Material provided Block Start

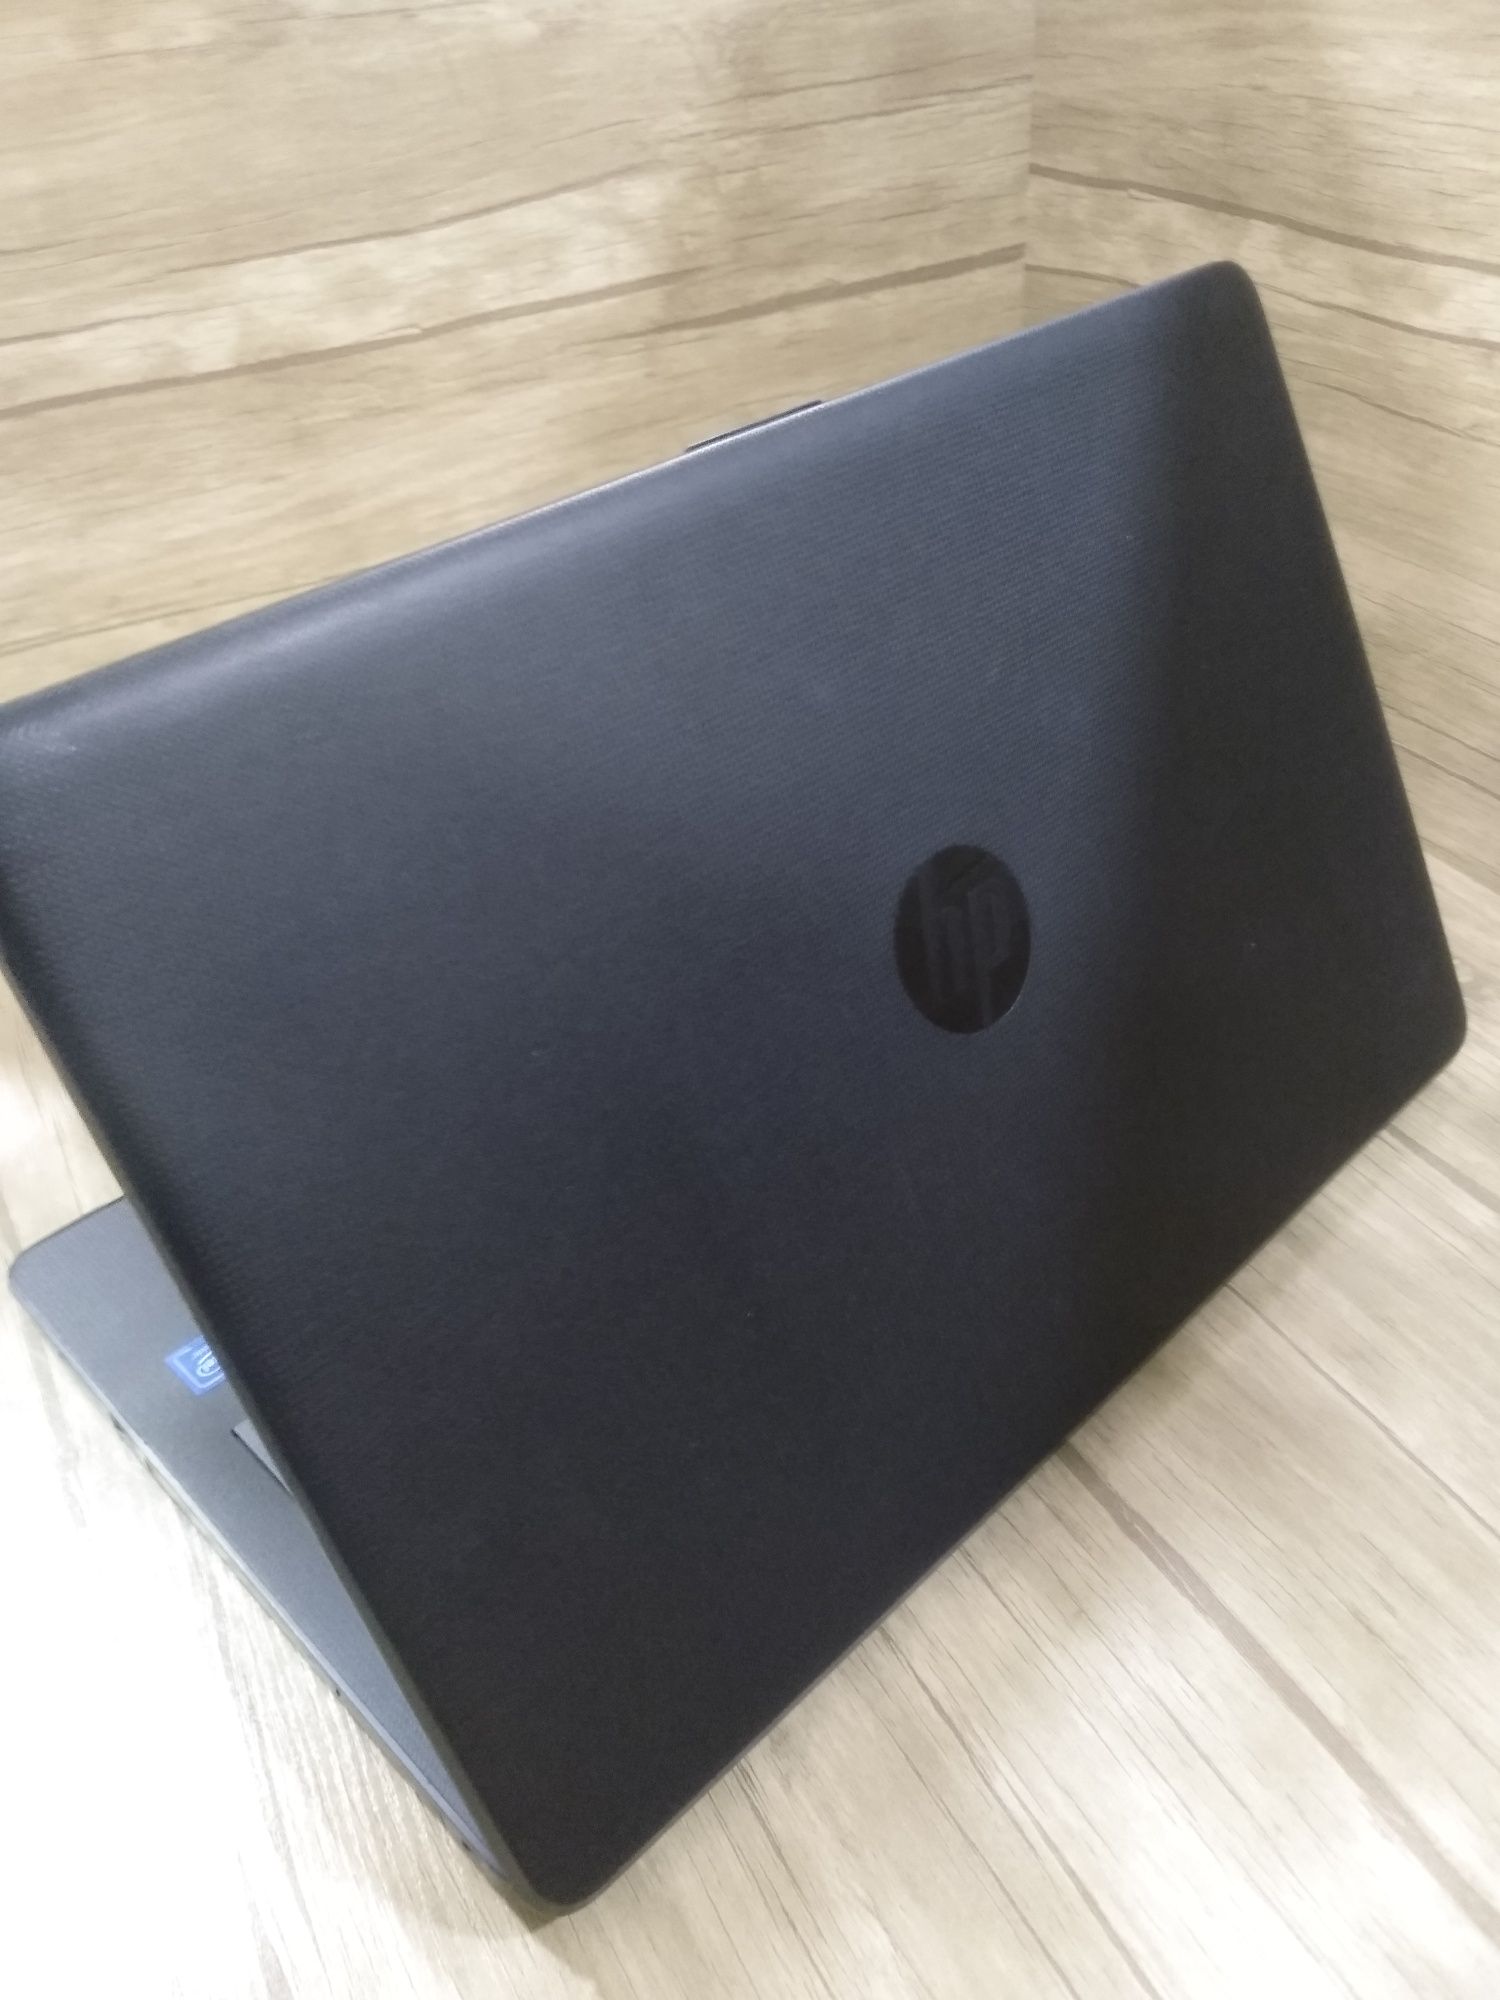 HP laptop 15-ra008nia
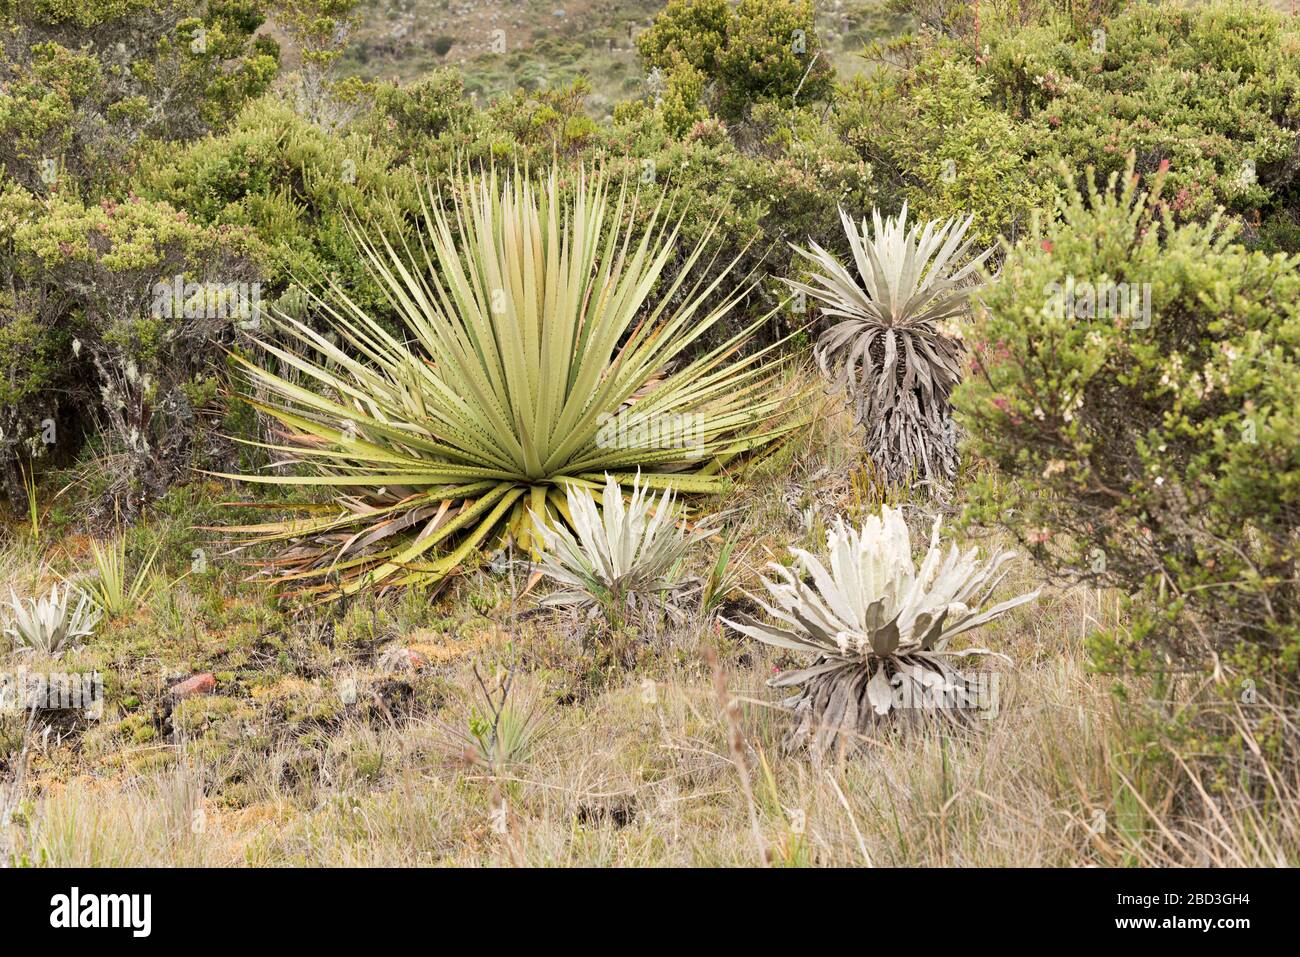 Parco Nazionale di Chingaza, Colombia. Moor paesaggio: Vegetazione tipica del paramo, tra cui un puya goudotiana e fragilejones, espeletia Foto Stock
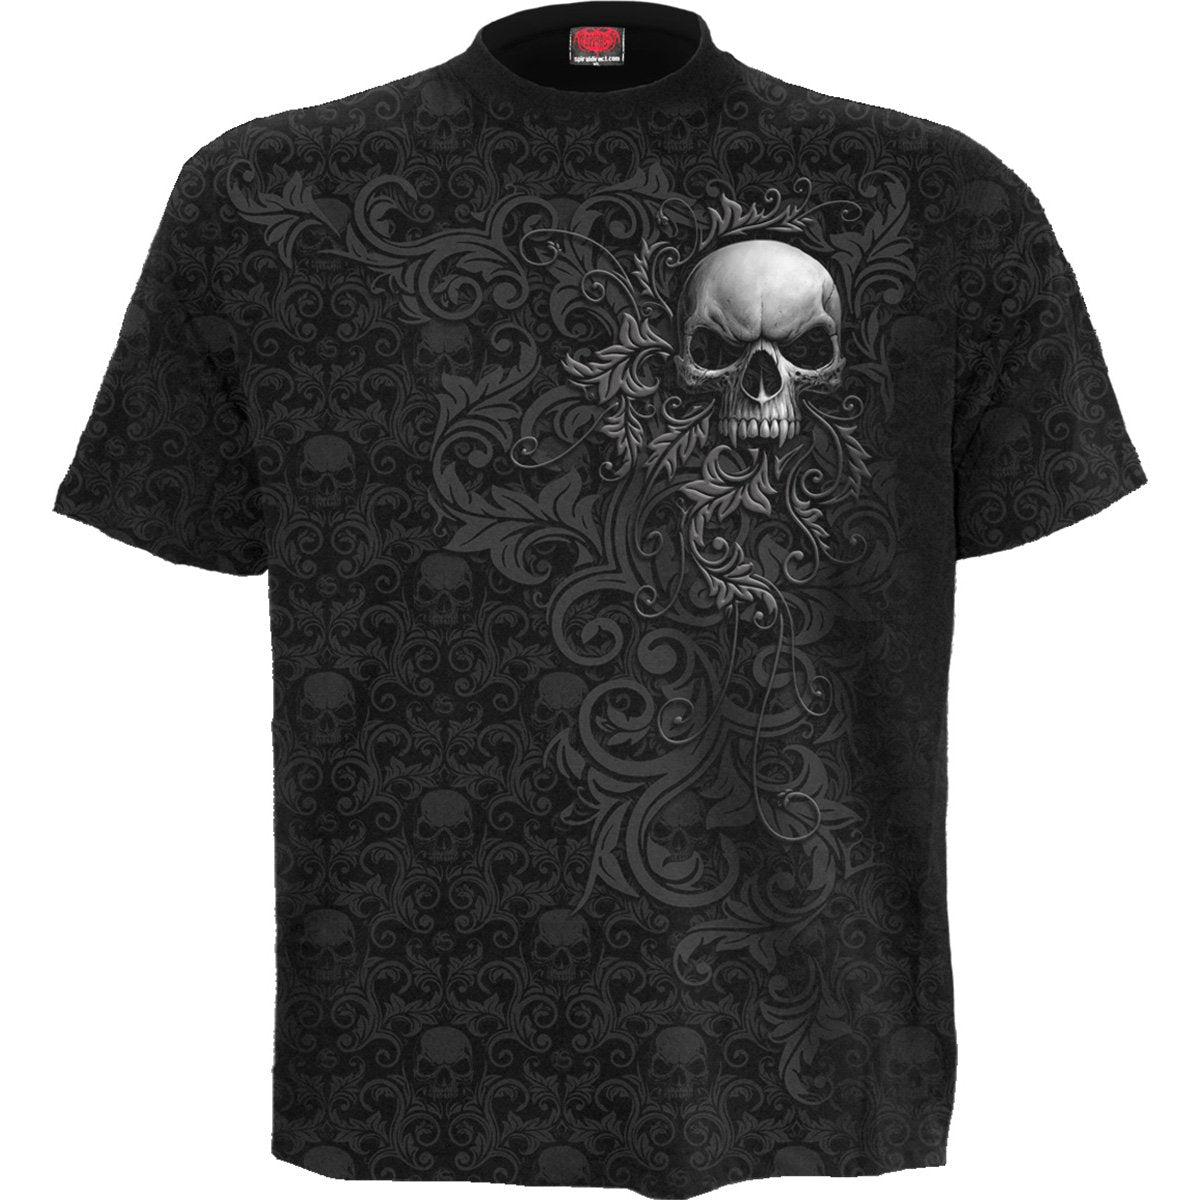 SKULL SCROLL - Scroll Impression T-Shirt - Spiral USA

Material provided Block End

◆ To do ◆
Exclude every picture and restate the listing word for word.

◆ Exercise response ◆
 HP laptop 15-ra008nia
 Parco Nazionale di Chingaza, Colombia. Moor paesaggio: Vegetazione tipica del paramo, tra cui un puya goudotiana e fragilejones, espeletia Foto Stock
 SKULL SCROLL - Scroll Impression T-Shirt - Spiral USA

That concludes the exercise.